**About this exercise**
The reply must contain exactly the lines below from the one with "handball handisport fauteuil" down to the one with "Tyson Fury and", both included, and nothing more; please omit the pictures.

**Records to process**
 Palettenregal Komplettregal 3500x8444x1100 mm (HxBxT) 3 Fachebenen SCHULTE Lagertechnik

...

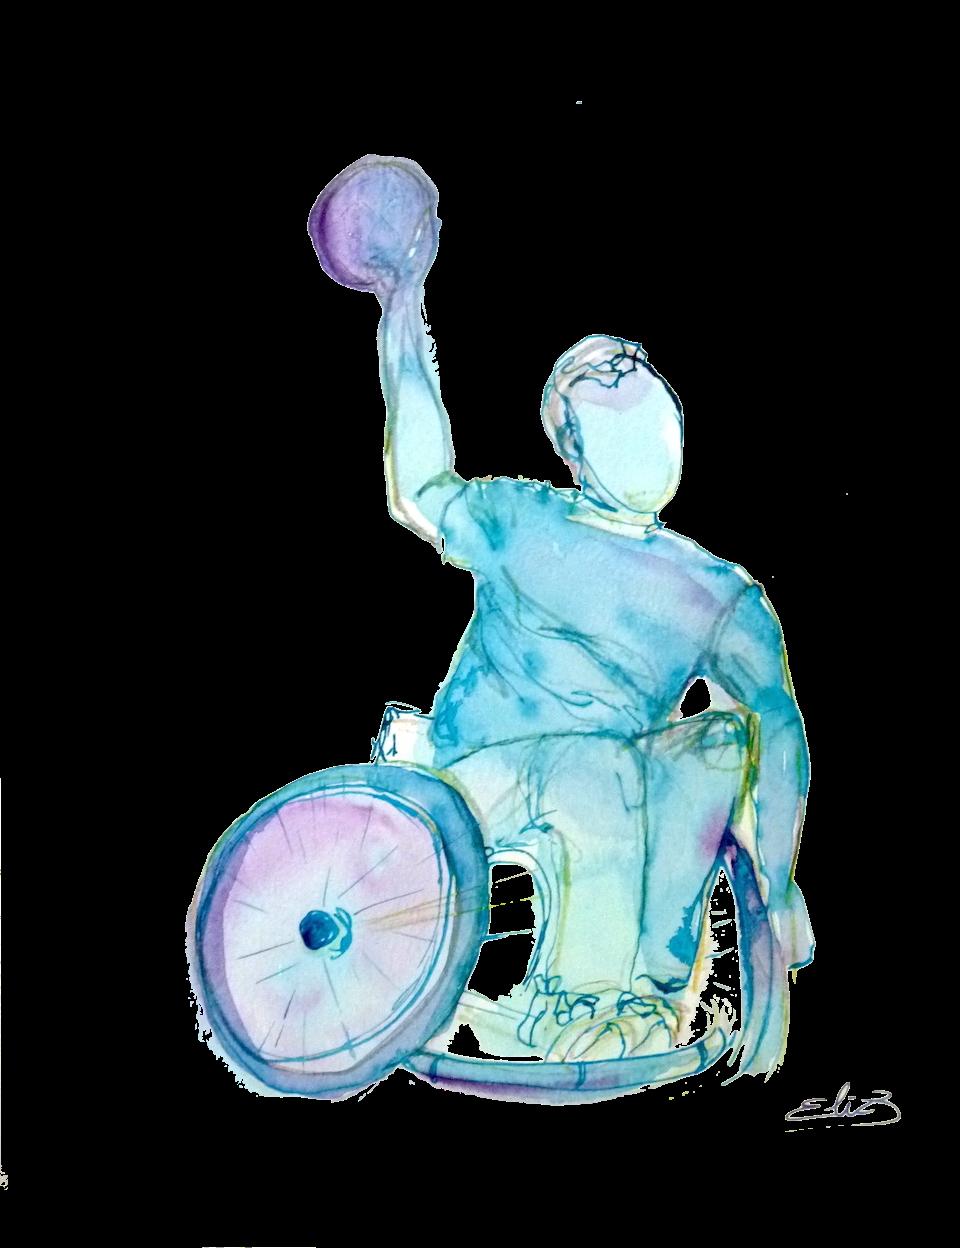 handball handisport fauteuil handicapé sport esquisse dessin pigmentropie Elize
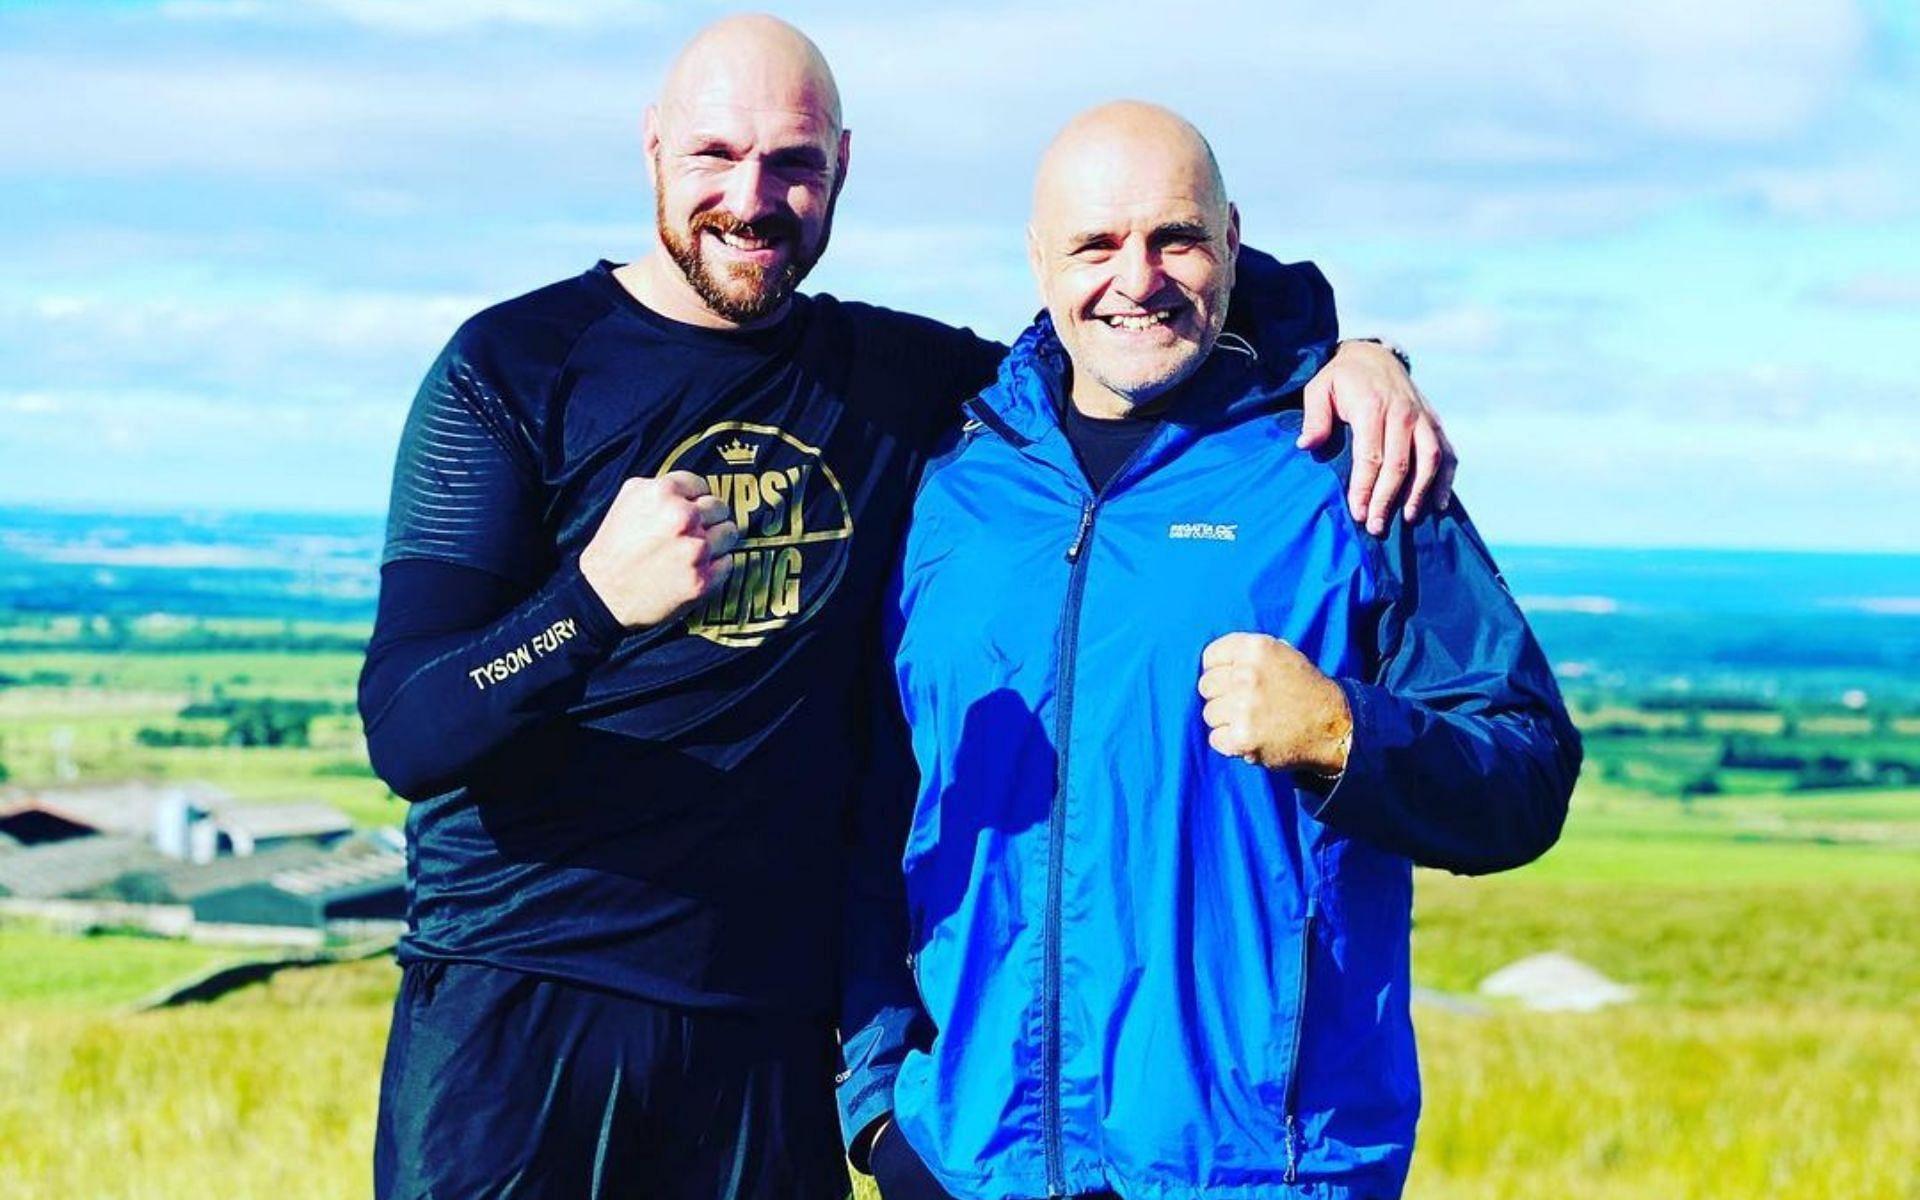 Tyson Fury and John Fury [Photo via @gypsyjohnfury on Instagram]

---

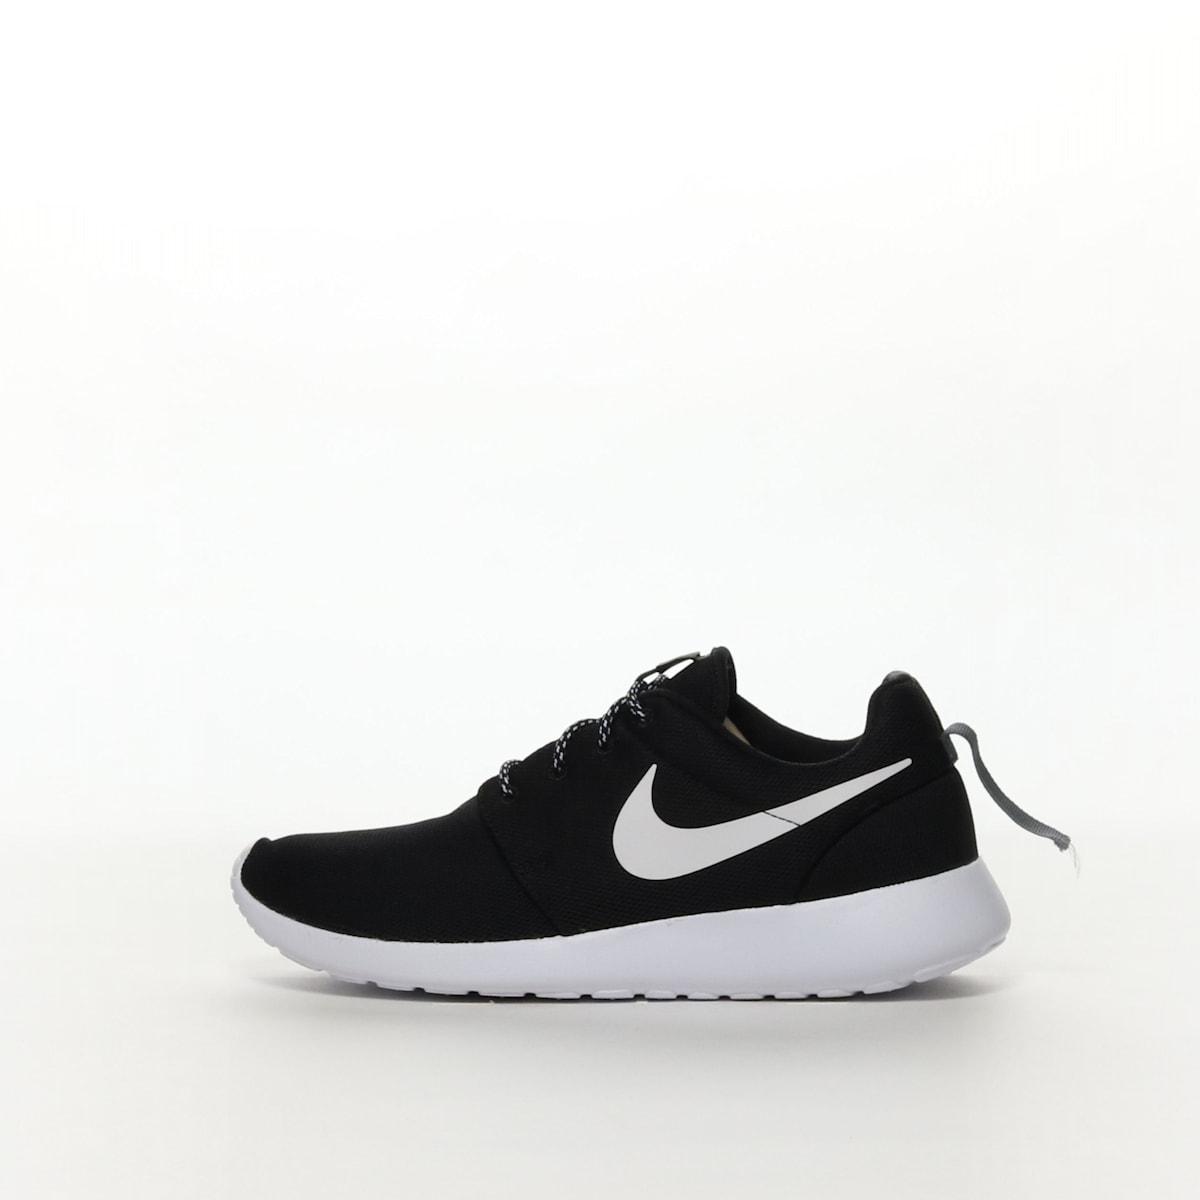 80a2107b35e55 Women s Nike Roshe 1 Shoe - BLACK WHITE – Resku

**Solved problem**
 handball handisport fauteuil handicapé sport esquisse dessin pigmentropie Elize
 Tyson Fury and John Fury [Photo via @gypsyjohnfury on Instagram]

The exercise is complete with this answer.